Пират моргнул и перевел взгляд с потолка на Императора. Все же, несмотря на отсутствие фресок, Вэйн смотрелся более выигрышно.

— Вообще, я хотел повидать тебя еще с Рабанастры, чтобы попросить тебя не трогать детишек. Молодые, глупые, шило в известном месте… Но, похоже, это уже не актуально, – он по-кошачьи потянулся. – Есть смысл спрашивать, почему такое попустительство по отношению к непокорным нам?

— В том, что гоняться за вами, – Вэйн откинулся на спинку стула, со всем достоинством повелителя огромной империи, – нет никакой необходимости.

— Даже убрать Баша фон Ронсенберга, который, случись ему доказать свою невиновность, может облить Дом Солидор таким ведром помоев, что даже ты не отмоешься?

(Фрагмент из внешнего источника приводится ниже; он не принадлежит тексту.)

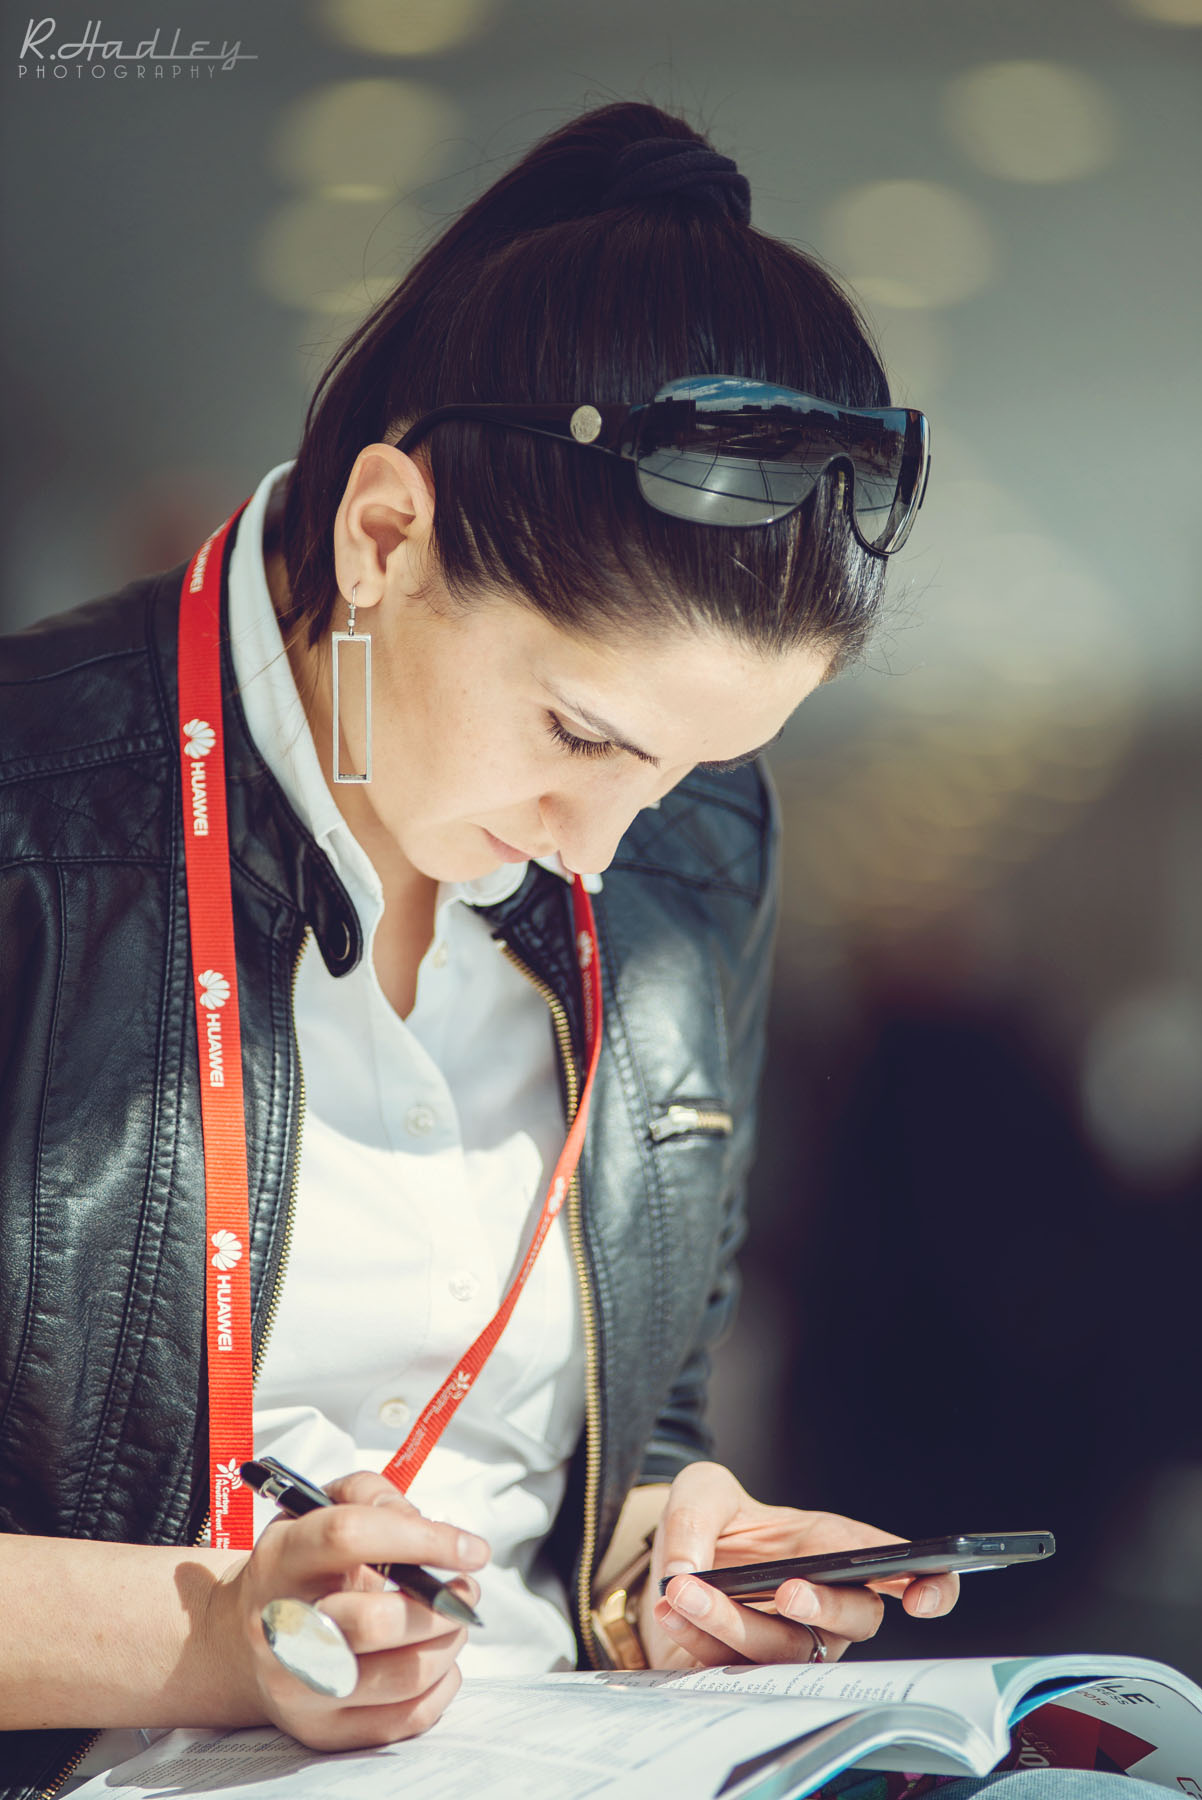 Event photography at MWC - Mobile World Congress in Barcelona

Наградой Бальфиру за заботу стал насмешливый взгляд.

— Я слышу симпатию в голосе, Ффамран?

— Ну, есть немного, – Бальфир встал. – Хотя это тебе вроде бы нравятся фанатично преданные рыцари.

— Никакой необходимости, – повторил Вэйн, улыбаясь.

— Необходимость, – Бальфир взмахнул руками, картинно показывая, что сдается. – У меня волосы дыбом встают каждый раз, когда ты поминаешь необходимость. Все что угодно ради своего Дома и любимой женщины, да? От тебя в такие моменты знакомые не шарахаются?

Вопреки довольно сухому тону, пират неспешно, словно стриптизер вышагивающий по сцене и прямиком к шесту, подошел к Вэйну и остановился, уперев руки в бока.

— Ты хочешь об этом поговорить, Ффамран? – поинтересовался Император, глядя на собеседника снизу вверх. – Или не хочешь?

— Знаешь, если бы ты говорил со сногсшибательным пиратом Бальфиром, – он уперся руками в спинку стула как раз над плечами Вэйна, – то мы, несомненно, могли бы обсудить судьбы мира и влияние политической погоды на вольное небо. Но ты упрямо зовешь Ффамрана, а он, знаешь ли, все еще молод, глуп, – не встретив никакого сопротивления, парень бесцеремонно заполз к Императору на колени и продолжил свою тираду, – хотя и чертовски красив. Разумеется, думает, как и положено в его возрасте, только об одном, зато много.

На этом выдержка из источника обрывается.